Holzherr’s next business was Helium, a venture builder with a globally distributed team of experts in building tech start-ups.

“Helium was born about a year ago and we now have a very large technical team with a great deal of expertise,” Holzherr explains.

“We identify market opportunities for tech businesses, build them and hire world-class teams to scale them. We collaborate with founders of early-stage start-ups whose missions we believe in and help larger companies with innovation projects.”

Helium’s first product was launched in March – Air.com.

“Air is a platform designed to help SMEs rid themselves of time consuming admin, making it easy to deploy workplace-improving practices,” he explains.

“There is a real problem in HR as there are thousands of features and every business wants different ones. That then creates a problem where you’ve got a platform that’s over complicated and too difficult to use.

“So our approach is a hub and spoke model – the hub is people records, and then the spokes are add-ons, and companies can add certain bits that all connect seamlessly.

“So for example you can add time off, sickness, holidays, conference days, expenses, and HR reports so you can make sure you know who is in the business and the gender split etc.

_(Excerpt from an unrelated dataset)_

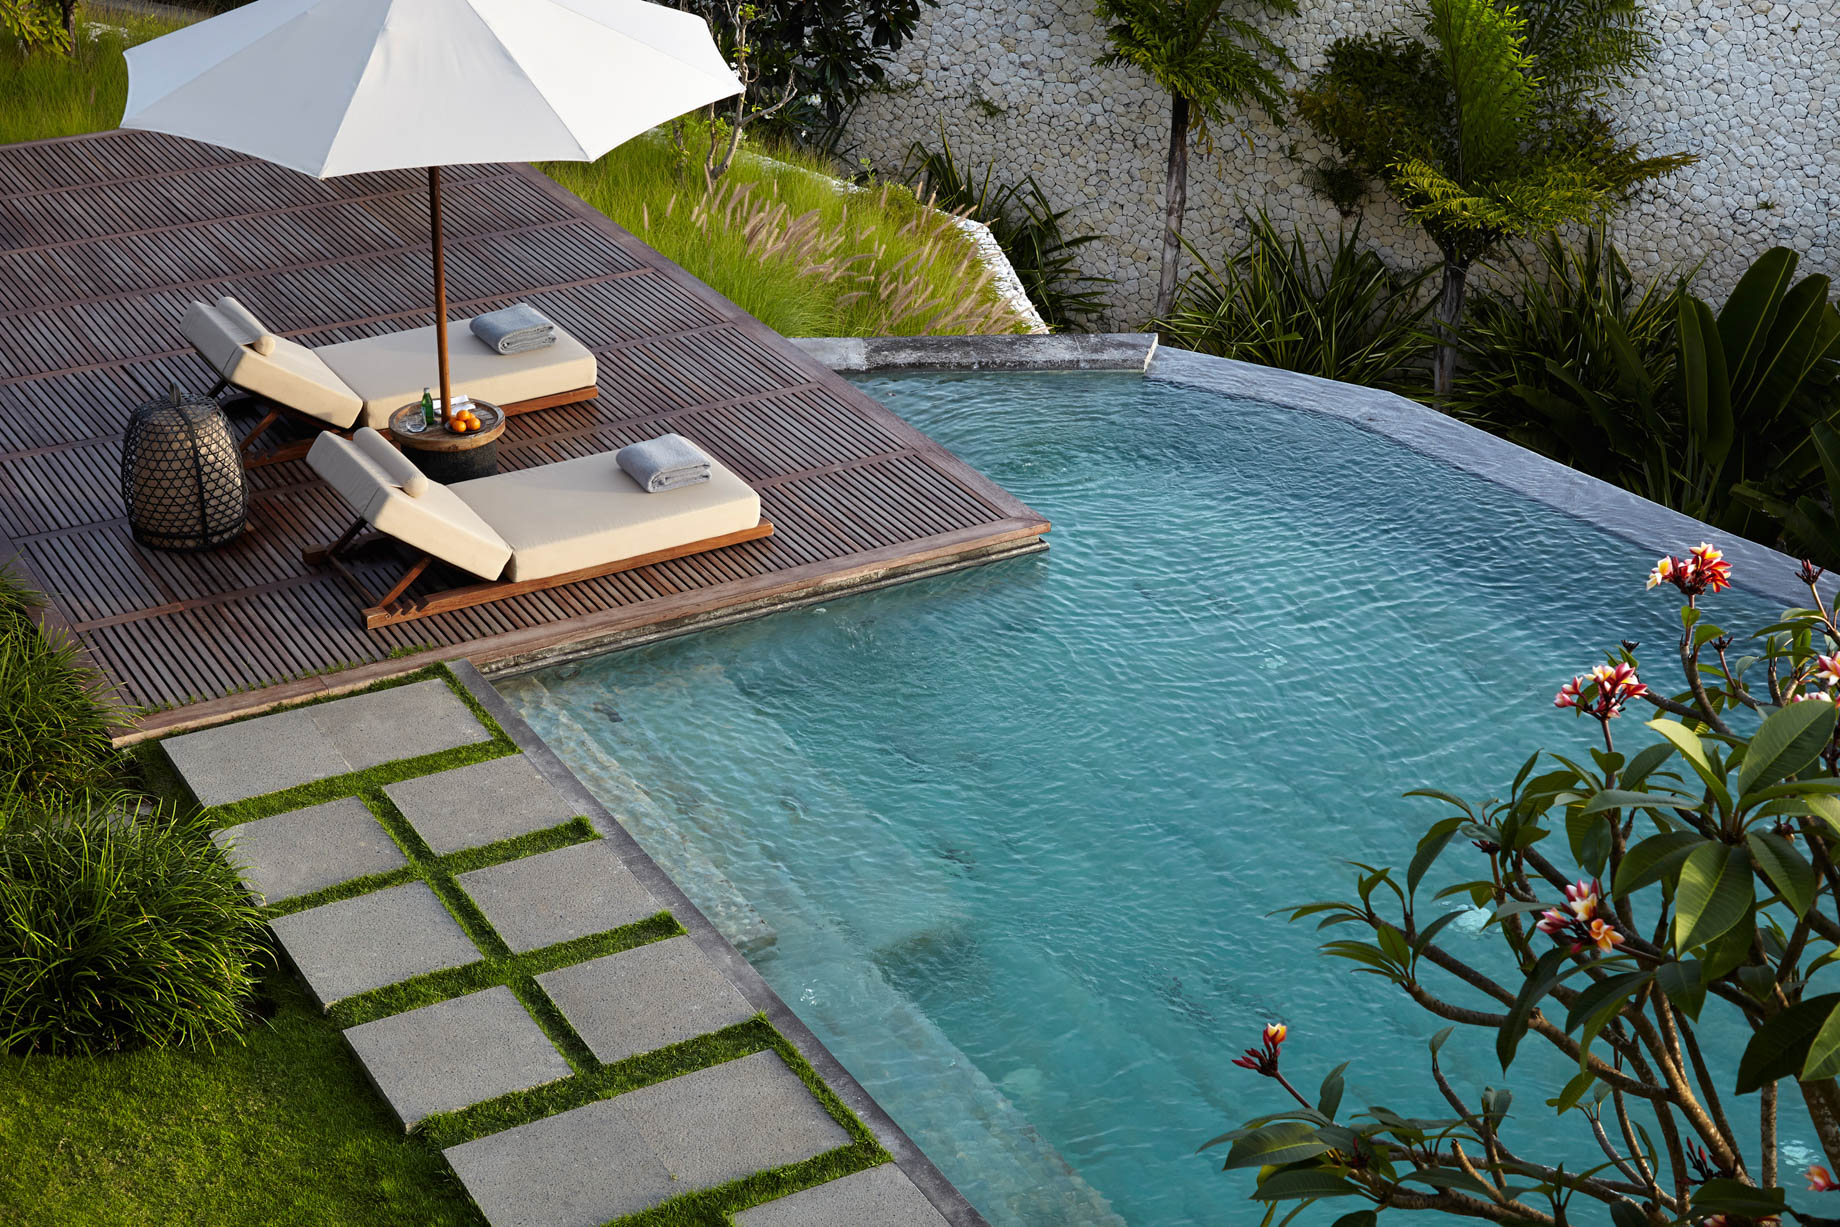 Bvlgari Resort Bali – Uluwatu, Bali, Indonesia – The Mansions Pool Deck

You can choose as little or as many spokes as you want. It’s all tailored to each business and their needs.

“We’ve got over 500 businesses signed up already. The way we see it growing is more and more customers. There is a never ending list of additional spokes that we’re building; things are always changing in HR which is great for us. The more we build the more we can offer users.”

As a serial businessman, Holzherr is a little different to most CEOs and offers his employees a slightly different way to traditional office working.

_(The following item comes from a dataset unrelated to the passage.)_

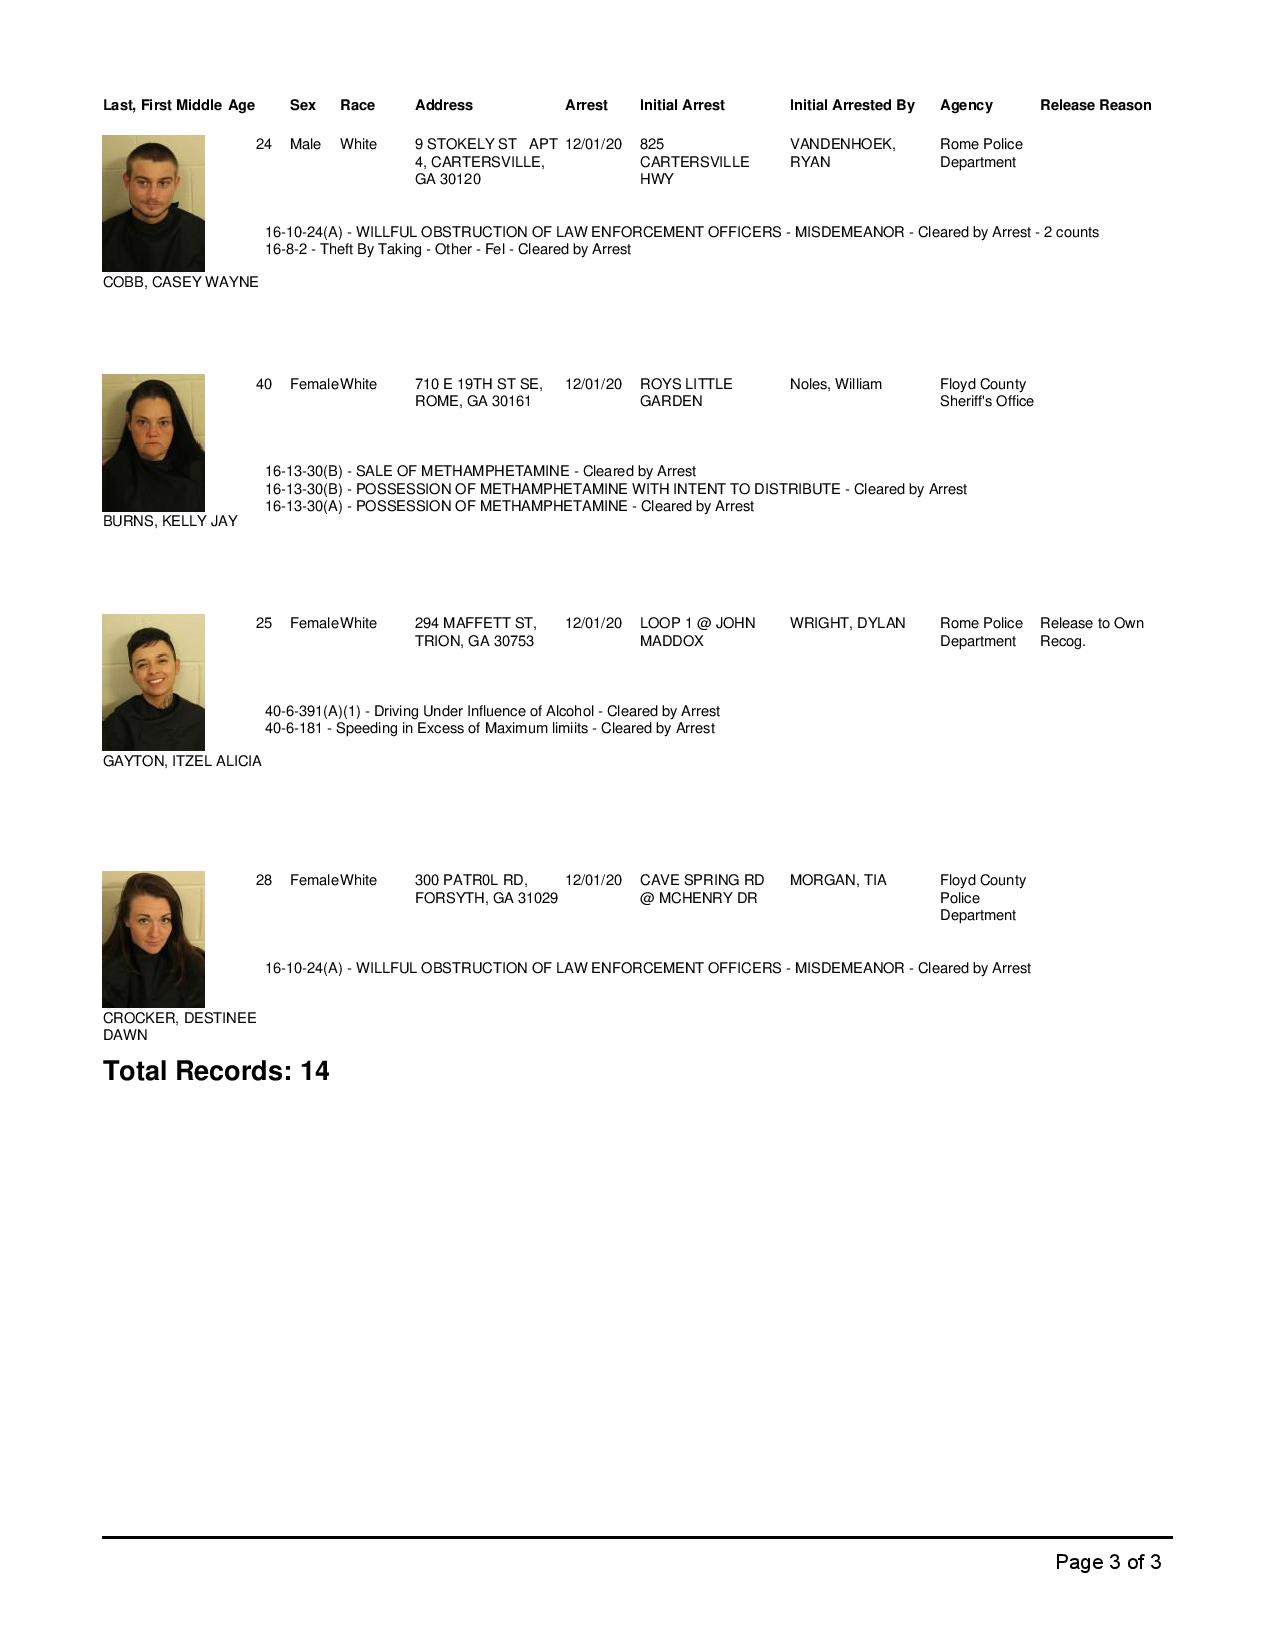 floyd jail_2020-12-02_04.00.24-page-003

“I love travel, so I offer my employees a remote working culture,” he says.

“They can work from anywhere they want. My CTO is in Scotland, my designer lives in Birmingham but works from Austria over the summer and I’ve got a lot of people in Russia and the US at the moment.

“Anyone can go and work anywhere in the world they want. We don’t mind what time they’re on as long as they get the job done.

“I’ve actually just come back from a month of remote working in Vietnam, Australia and Japan.”

With a plethora of successful businesses in his back pocket, Holzherr’s advice to budding entrepreneurs is simple.

“Test your idea with real users, not your mum or your friends, and figure out how you will acquire users. Once you’ve tested it and it’s successful, nothing should stop you.”